The question of why pork rinds, a snack derived from an animal product, often carry a label stating they are “not a significant source of protein” is a common point of confusion for consumers. This paradox arises because the high gram count of protein listed on the nutrition panel does not reflect the protein’s nutritional usefulness to the human body. The U.S. Food and Drug Administration (FDA) mandates that protein content claims must account for the quality of the protein, not just the total amount present. The answer involves the specific composition of the pork rind and the regulatory rules governing food labeling.
The Composition of Pork Rinds
Pork rinds, known in many cultures as chicharrĂ³nes, are the skin of a pig that has been rendered and fried. The process begins with fresh pork skin, which is boiled or slow-cooked to remove excess fat, drained, and then deep-fried at high temperatures. This frying causes the skin to puff up into the light, airy, and crunchy snack familiar to consumers.
The protein structure in the skin is almost entirely composed of collagen, the primary structural protein in animal connective tissues. Collagen is specialized for structure and elasticity, unlike the variety of proteins found in muscle meat. This distinction is important because collagen’s chemical makeup is fundamentally different, establishing the product’s incomplete nutritional profile.
The Nutritional Definition of “Significant Protein”
The requirement for the “not a significant source of protein” disclaimer is a matter of regulatory compliance set by the FDA for nutrient content claims.
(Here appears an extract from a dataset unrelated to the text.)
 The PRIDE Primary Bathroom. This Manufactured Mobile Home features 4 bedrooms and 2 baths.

The FDA has established specific thresholds for a food to be considered a “good source” or “excellent source” of a nutrient, including protein. A food can only claim to be a “good source” of protein if a single serving provides 10% to 19% of the Daily Value (DV).
The Daily Value for protein is set at 50 grams for a 2,000-calorie diet, meaning a food must provide at least 5 grams of protein per serving to meet the 10% threshold. This calculation is not based on the raw gram count alone; it must be adjusted to reflect the protein’s quality. If a food falls below the 10% DV threshold, the manufacturer must include the disclaimer.
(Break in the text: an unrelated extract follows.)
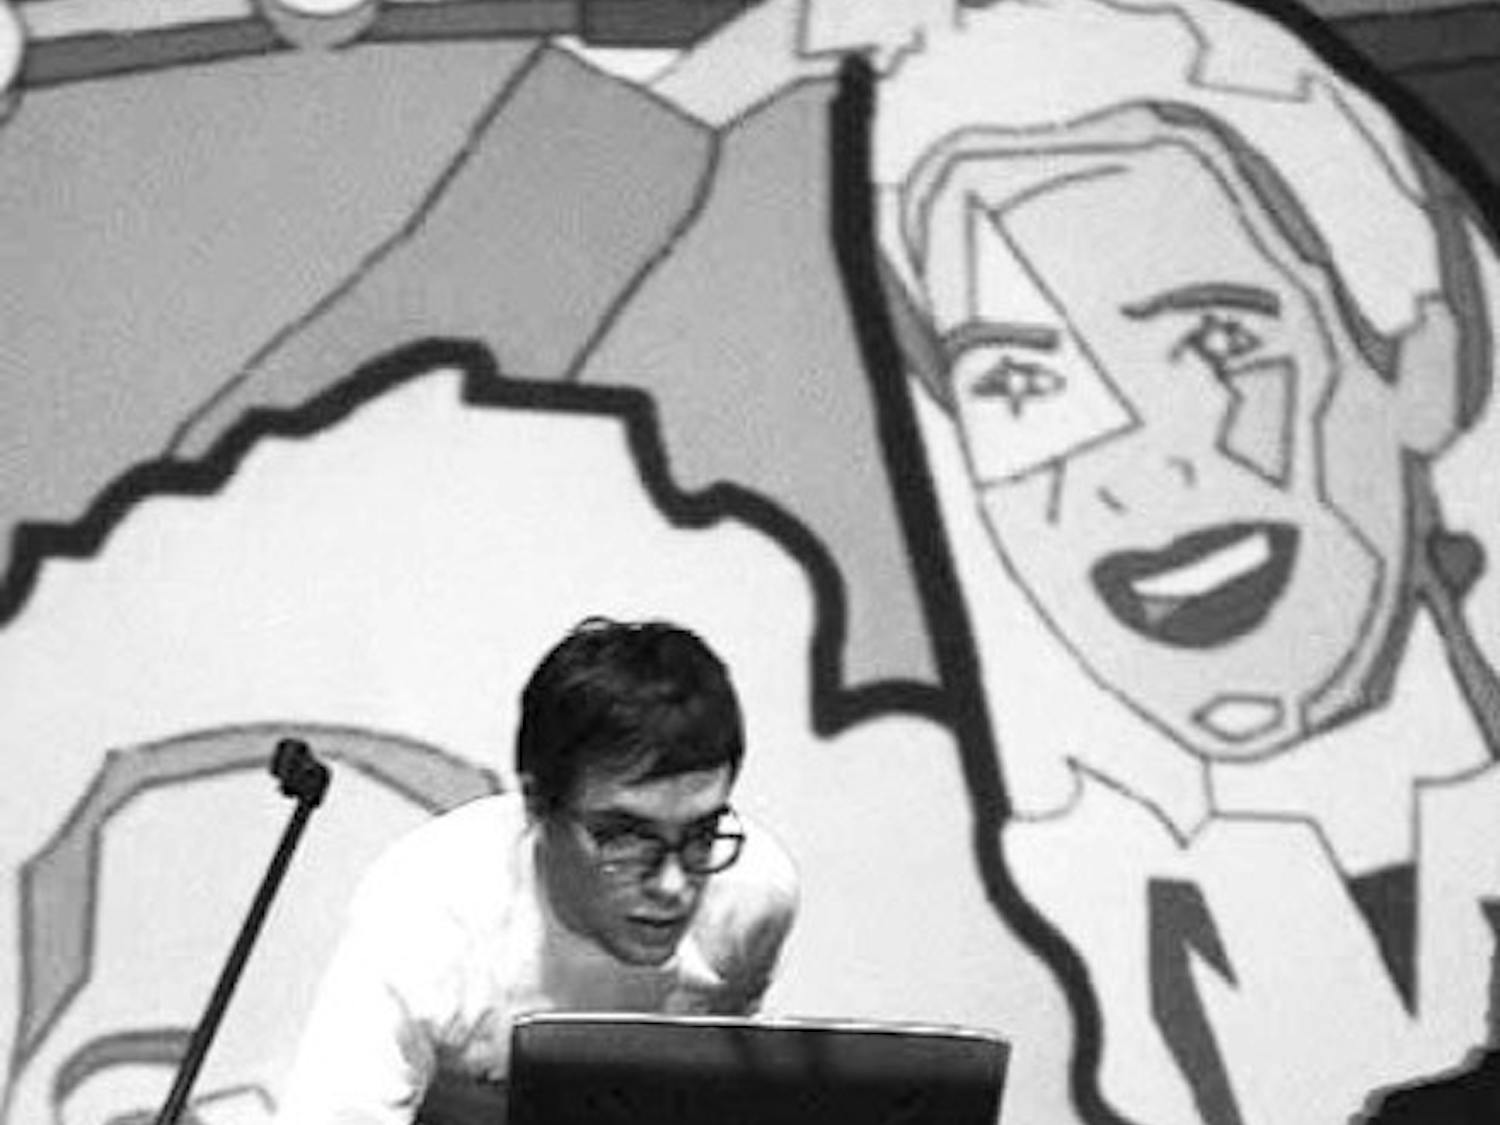 Earlier in his tour, Girl Talk played at the Andy Warhol Museum in Pittsburgh.

The Quality of Collagen Protein
The final factor is the nutritional quality of the collagen protein itself. The FDA uses the Protein Digestibility Corrected Amino Acid Score (PDCAAS) to determine the quality of a protein source. This score measures how well a protein provides the nine essential amino acids that the human body cannot produce.
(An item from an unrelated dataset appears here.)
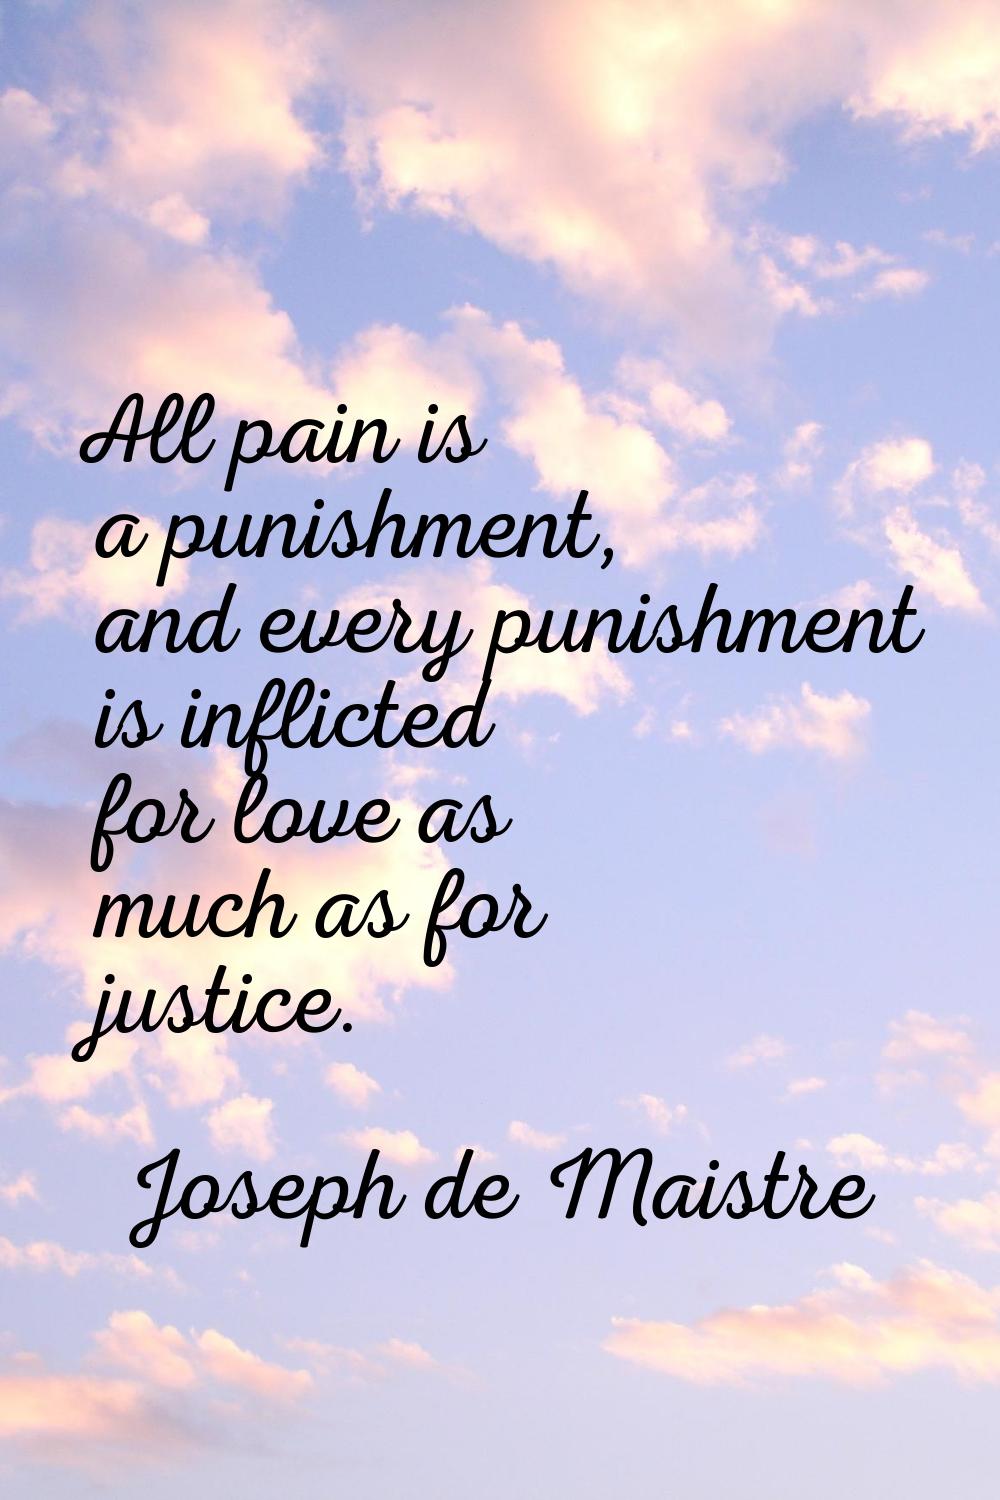 All pain is a punishment, and every punishment is inflicted for love as much as for justice.

Collagen is classified as an incomplete protein because it lacks or has insufficient amounts of one or more essential amino acids. Specifically, collagen is very low in tryptophan, which is necessary for human health. Because of this deficiency, the PDCAAS score for collagen is low, significantly discounting the raw gram count of protein when calculating the Daily Value (DV).
Even if a serving of pork rinds contains 7 or 8 grams of protein, the low PDCAAS score reduces the amount counted toward the DV. This corrected, lower value causes the product to fall below the 10% DV threshold required to avoid the disclaimer. The label reflects the protein’s limited biological value despite its high quantity.